С точки зрения состава участников, главными фигурами конференции, безусловно, выступали Ллойд Джордж и Чичерин, поскольку, как справедливо заметил один из советских делегатов, международная встреча фактически «являлась конференцией по «русскому вопросу»[422]
. Подчеркнем, что, несмотря на различия в их положении – один премьер-министр, а другой – глава внешнеполитического ведомства, между ними имелось и нечто общее, а именно, необходимость действовать в узких рамках той политической линии, которую преобладающая часть властных элит обеих стран считало наиболее адекватной сложившейся международной ситуации. Так, «руки» Ллойд Джорджа связывали многочисленные влиятельные противники каких-либо контактов с Советами, а за «спиной» Чичерина стояли те члены кремлевской верхушки, которые были настроены на продолжение конфронтации с Западом, да и Ленин, как свидетельствуют официальная переписка и воспоминания современников, отнюдь не был заинтересован в успехе конференции. Хорошо известно, что в одном из писем Чичерину глава СНК прямо заявил: «Нам выгодно, чтобы Геную сорвали…, но не мы, конечно». И далее: «Заем [у западных стран. – Е.С.] мы получим лучше без Генуи, если Геную сорвем не мы»[423].Таким образом, судя по программным выступлениям британского премьера и советского наркома в первый же день работы форума 10 апреля 1922 г., можно было ожидать его неминуемого провала. Ведь цели Великобритании и Советской России не совпадали, а попытки участников встречи сблизить позиции наталкивались на сопротивление скептиков «мирного сосуществования», либо антагонистов встраивания большевистского государства в Версальско-Вашингтонский миропорядок. Отвечая на демагогические призывы Чичерина к Антанте сократить вооружения и перераспределить национальные золотые запасы между странами в форме долгосрочных ссуд, Ллойд Джордж вслед за упоминанием о якобы двух попытках усадить Россию за стол переговоров весной 1919 г. и летом 1920 г. заявил: «Ходят упорные слухи о создании крупных армий, о громадных полчищах свирепых революционеров, готовых обрушиться на Европу и низвести страны до того же состояния голода, разрухи и эпидемий, как и в России»[424]

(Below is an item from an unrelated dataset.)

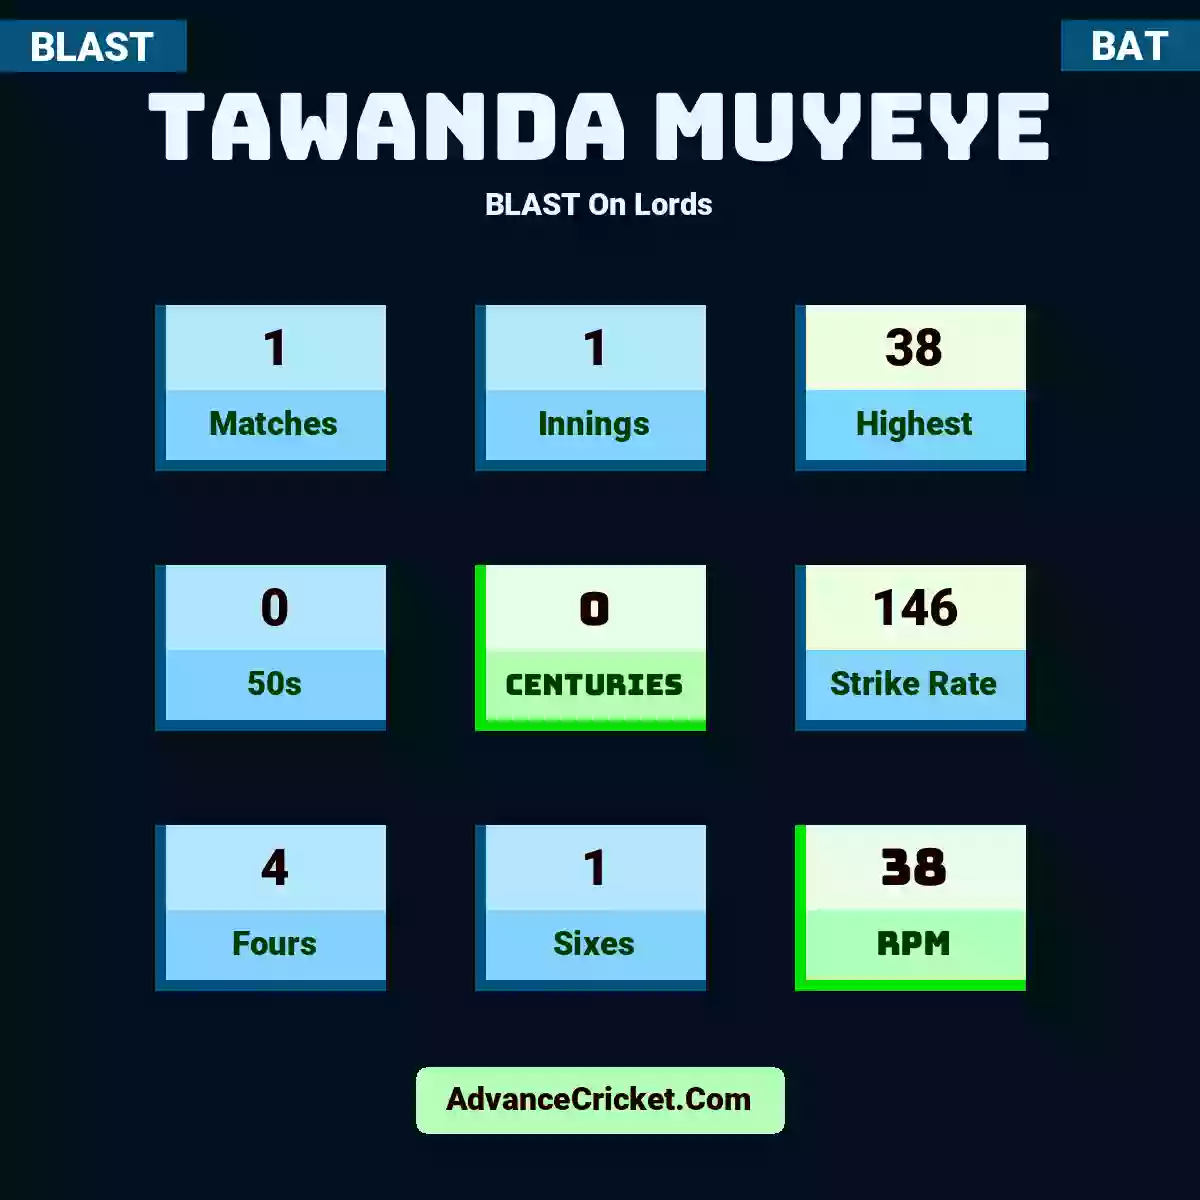 Tawanda Muyeye BLAST  On Lords, Tawanda Muyeye played 1 matches, scored 38 runs as highest, 0 half-centuries, and 0 centuries, with a strike rate of 146. T.Muyeye hit 4 fours and 1 sixes, with an RPM of 38.

. «Поставив ребром» вопрос о признании советским правительством внешних финансовых обязательств, британский премьер назвал его главным условием разрешения «русского вопроса» и возвращения РСФСР в лоно цивилизованных межгосударственных отношений[425].Во время частной беседы с Чичериным 14 апреля, организованной главой Сент-Джеймского Кабинета на вилле Альбертис под Генуей – временной резиденции британской делегации, Ллойд Джордж попытался убедить собеседника в том, что Антанта предлагает России лишь руководствоваться принципами – одинаковыми для всех государств, которые одновременно выступали как кредиторами, так и дебиторами во взаимных расчетах. При этом он сослался на прецеденты из истории англо-французских отношений XVIII–XIX вв., когда Лондон и Париж после вооруженных конфликтов обычно соглашались на удовлетворение взаимных материальных претензий за понесенный ущерб. Кроме того, Ллойд Джордж указал, что требовать от членов Антанты компенсации за интервенцию в объеме более 39 млрд зол. руб. все равно, что побуждать их выплачивать контрибуцию как проигравших войну держав бывшего Четверного союза, хотя общая сумма русских долгов могла быть уменьшена с учетом этих претензий. Фактически британское правительство предлагало Москве компромисс: списать все военные займы России, сократив проценты по ее довоенным долгам, связанным с частной собственностью физических лиц, которым советские власти должны были либо возвратить прежнее имущество, либо возместить понесенные убытки[426]
.15 апреля Чичерин сообщил в Москву, что главным требованием британской стороны являлось признание обязательств по восстановлению прав собственности подданных Соединенного Королевства, пострадавших от национализации, через передачу бывшим владельцам ранее принадлежавших предприятий в долгосрочную аренду, либо выплату им эквивалентной компенсации[427]
. В этой связи нарком предлагал советскому руководству, сохранив монополию внешней торговли, частично признать довоенные долги царского правительства нерезидентам – держателям российских ценных бумаг. С этой целью Чичерин признавал возможным согласовать со странами Антанты схему погашения бумаг после пятилетнего моратория (позднее он был увеличен Чичериным до 30 лет), осуществить перевод бывшей иностранной собственности в концессии, но лишь в случае предоставления РСФСР Великобританией крупного торгового кредита[428]. Тогда из общей суммы российского иностранного долга в 18,5 млрд зол. руб. (включая более 6 млрд, финансовых требований со стороны Великобритании) погашению с процентами подлежало бы не более 6 млрд зол. руб., из которых примерно половина приходилась на Соединенное Королевство.